§ **WHAT THE TASK ASKS**:
Give the entries below again exactly. Their pictures are not needed.
MATERIAL SHOWN section start
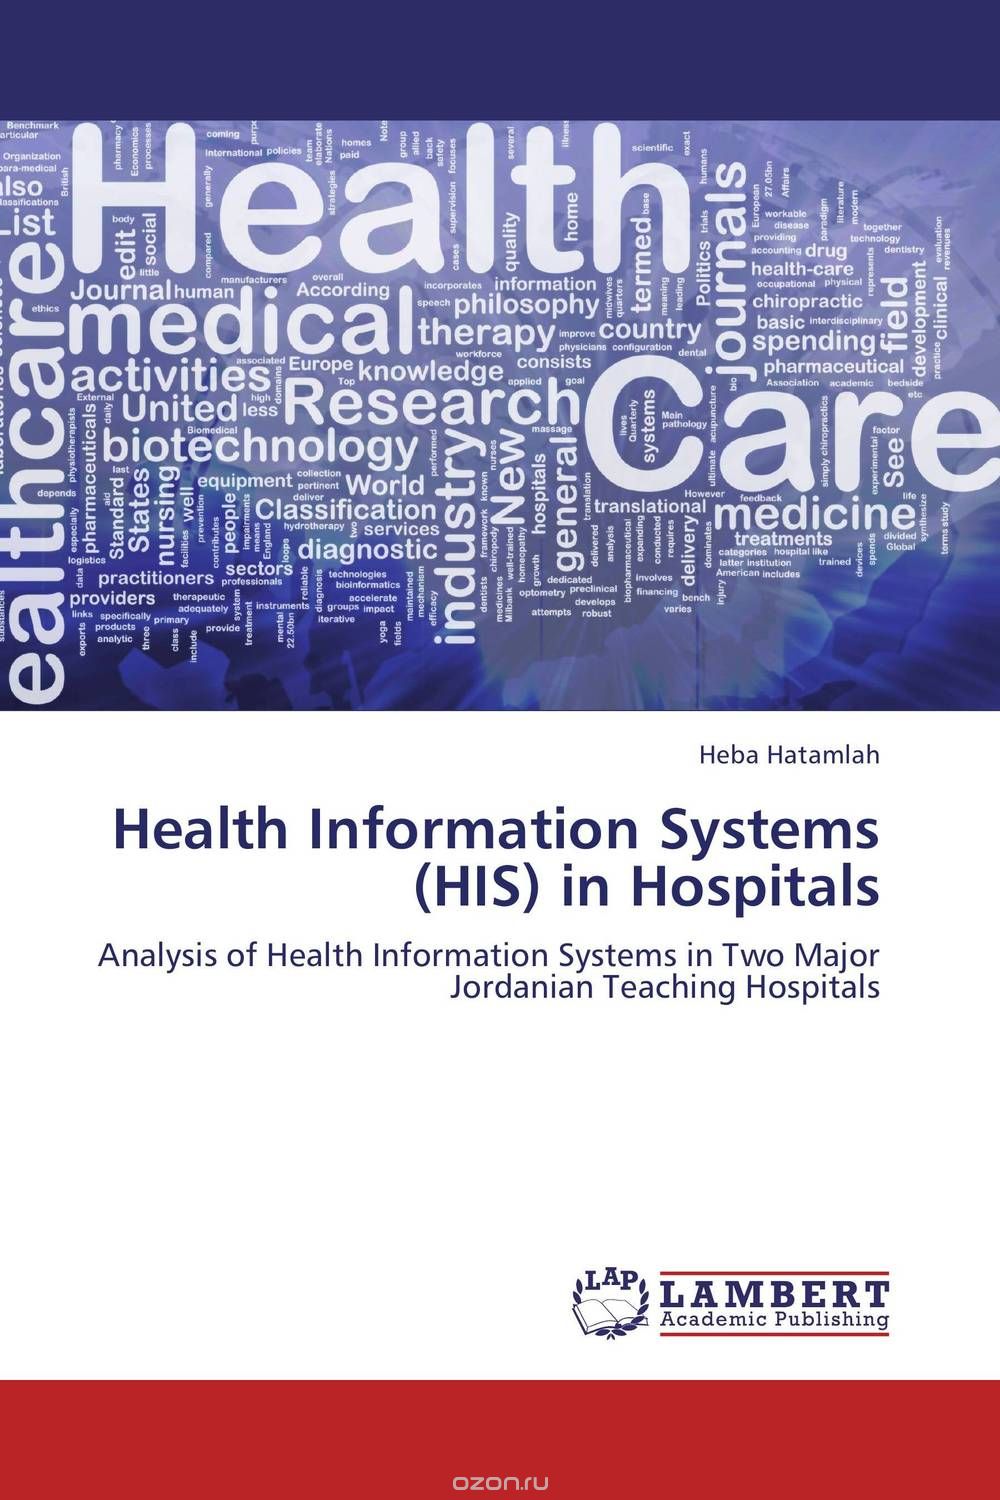 Скачать книгу "Health Information Systems (HIS) in Hospitals"
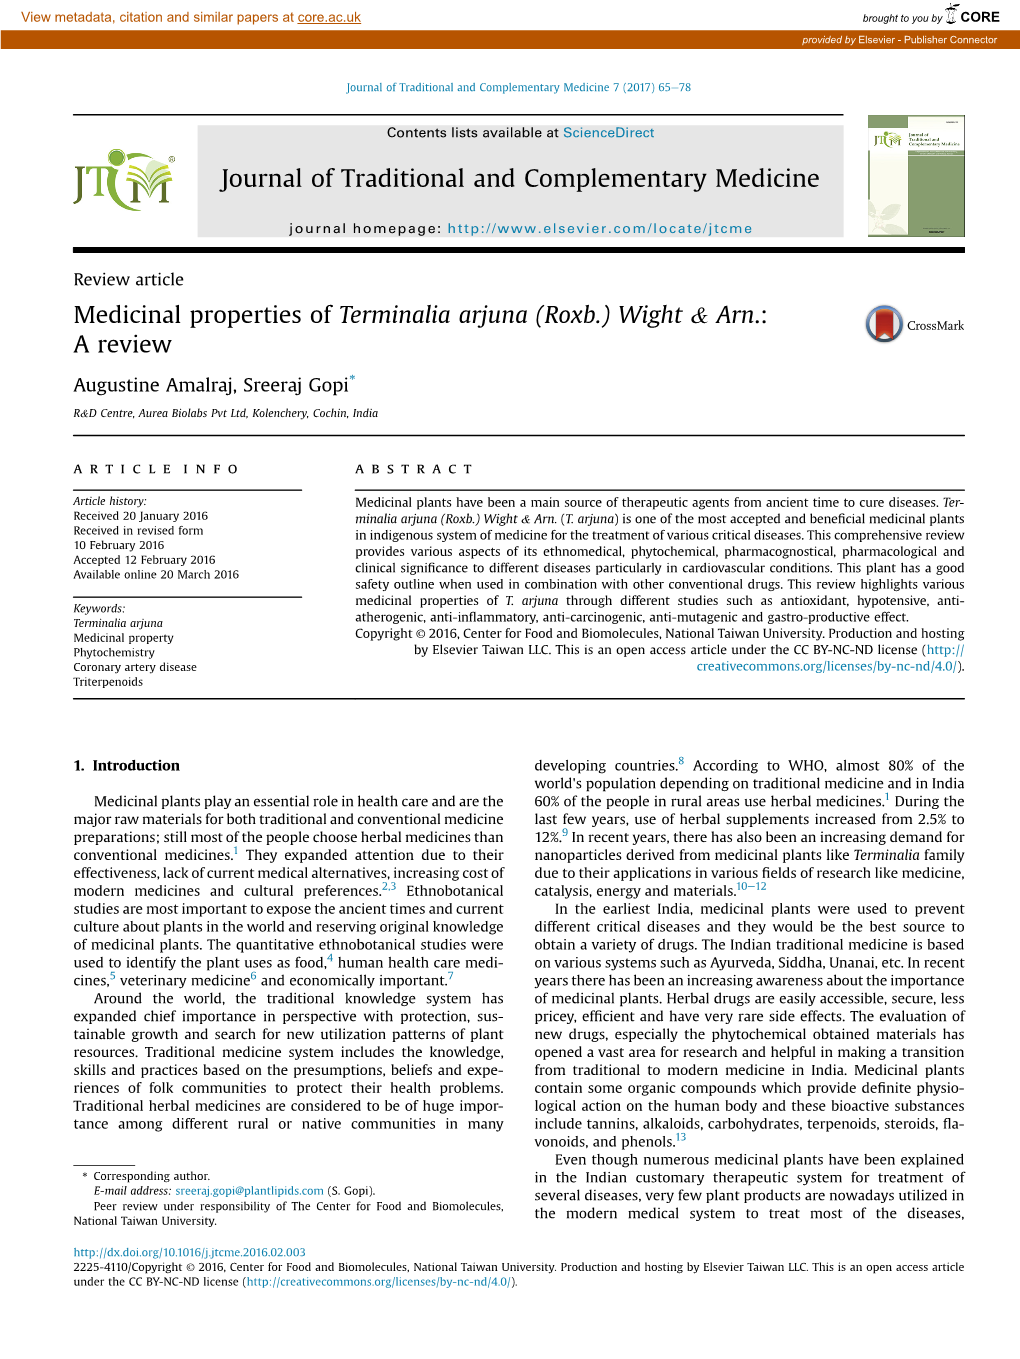 Medicinal Properties of Terminalia Arjuna (Roxb.) Wight & Arn.: a Review
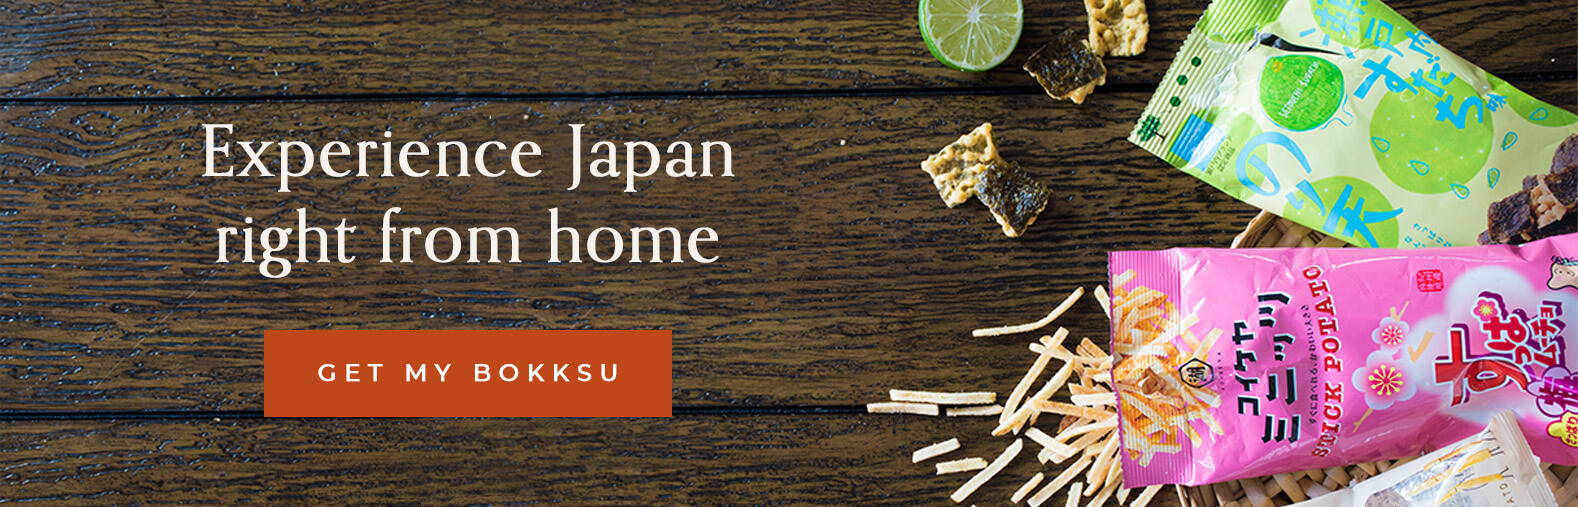 join Bokksu japanese snack subscription box service today
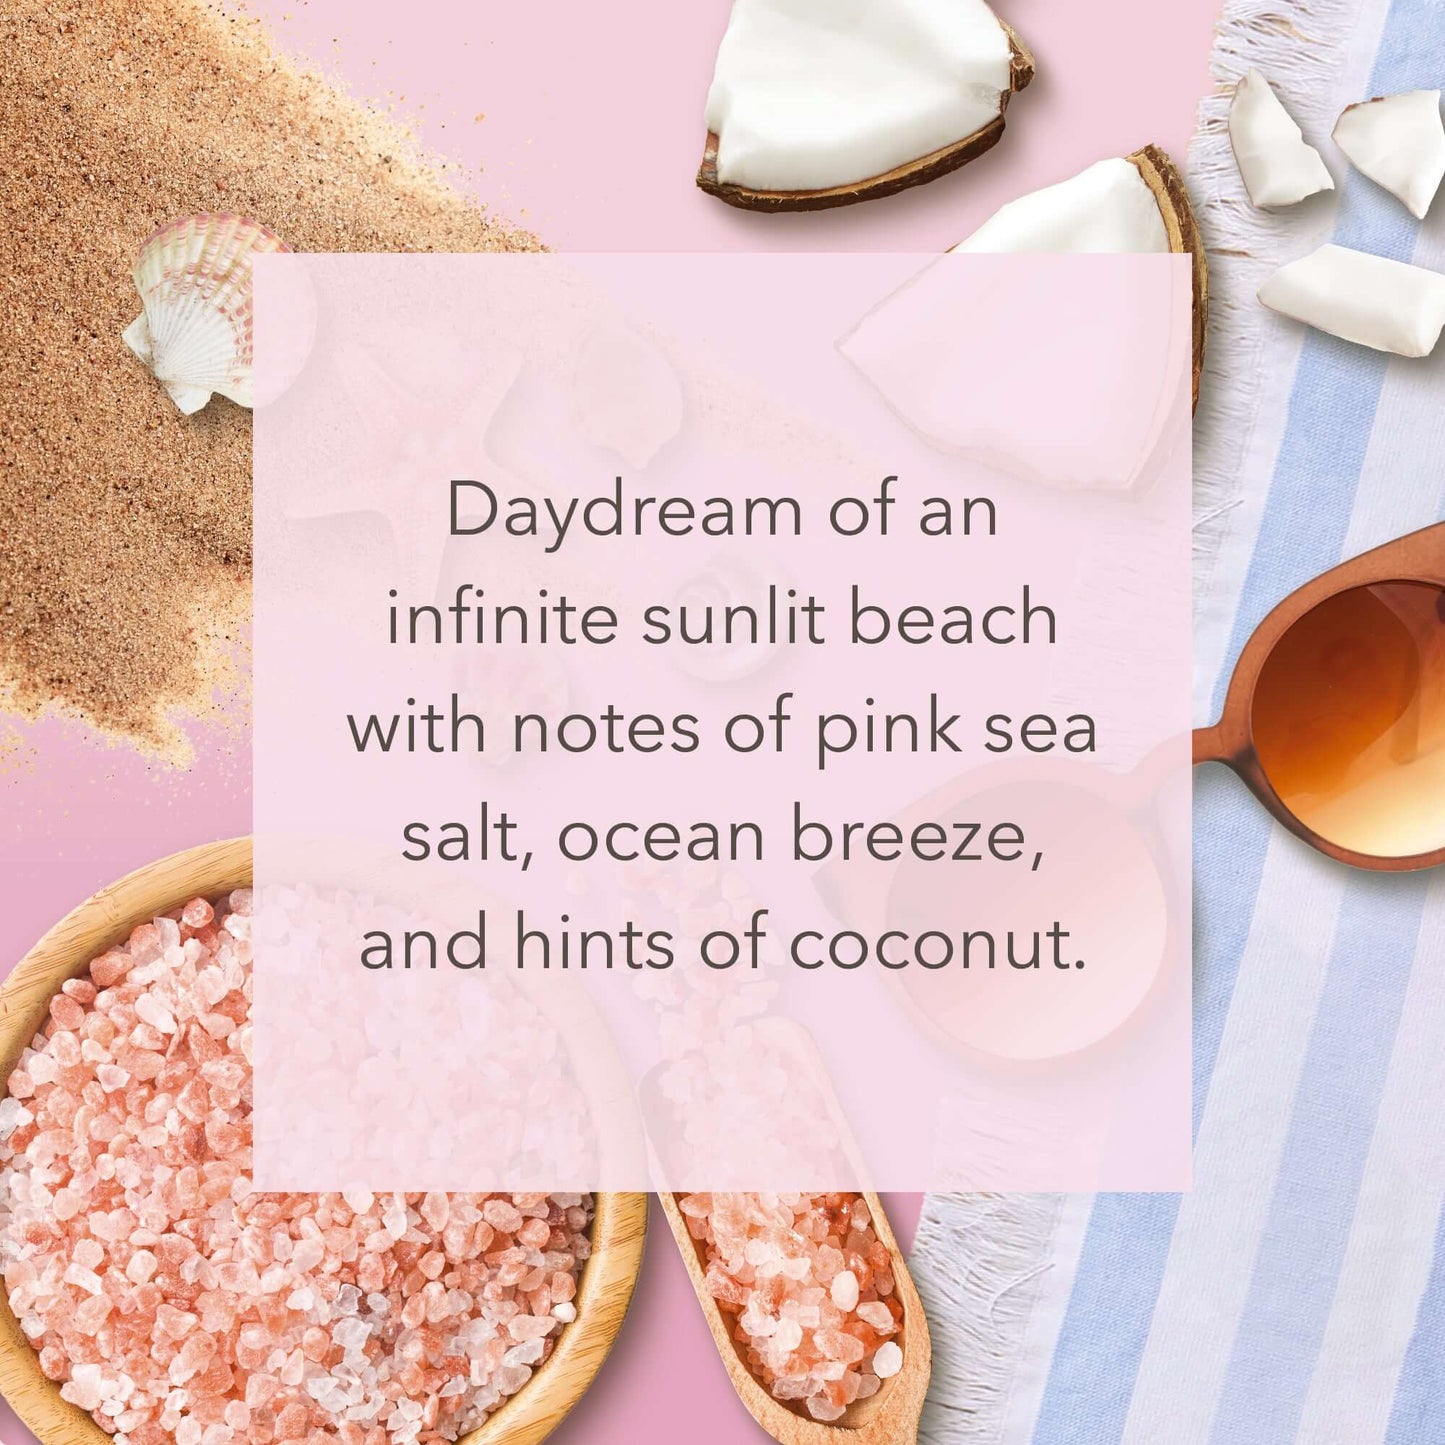 Summer Daydream Medium Jar Daydream of an infinite sunlit beach with notes of pink sea salt, ocean breeze, and hints of coconut.
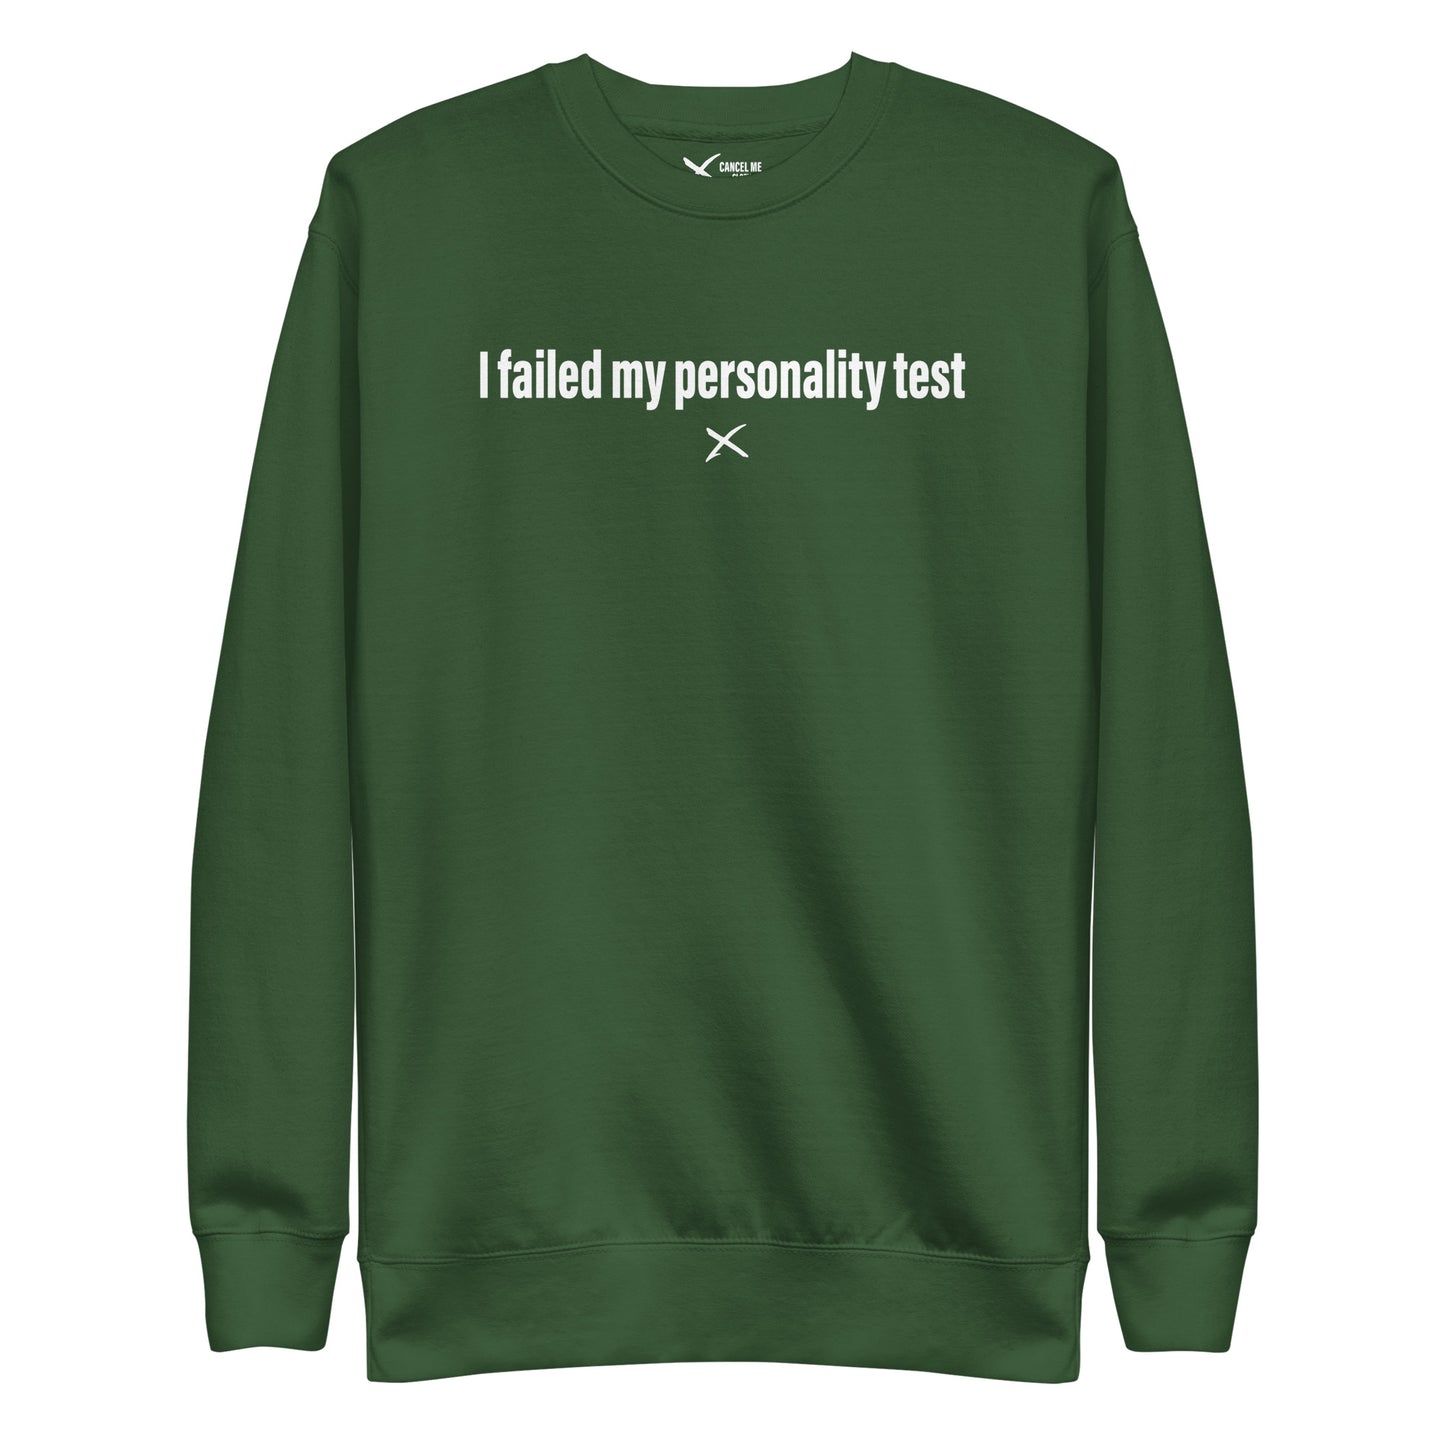 I failed my personality test - Sweatshirt
MATERIAL SHOWN section end
§ **PROBLEM SOLUTION**:
 Скачать книгу "Health Information Systems (HIS) in Hospitals"
 Medicinal Properties of Terminalia Arjuna (Roxb.) Wight & Arn.: a Review
 join Bokksu japanese snack subscription box service today
 Summer Daydream Medium Jar Daydream of an infinite sunlit beach with notes of pink sea salt, ocean breeze, and hints of coconut.
 I failed my personality test - Sweatshirt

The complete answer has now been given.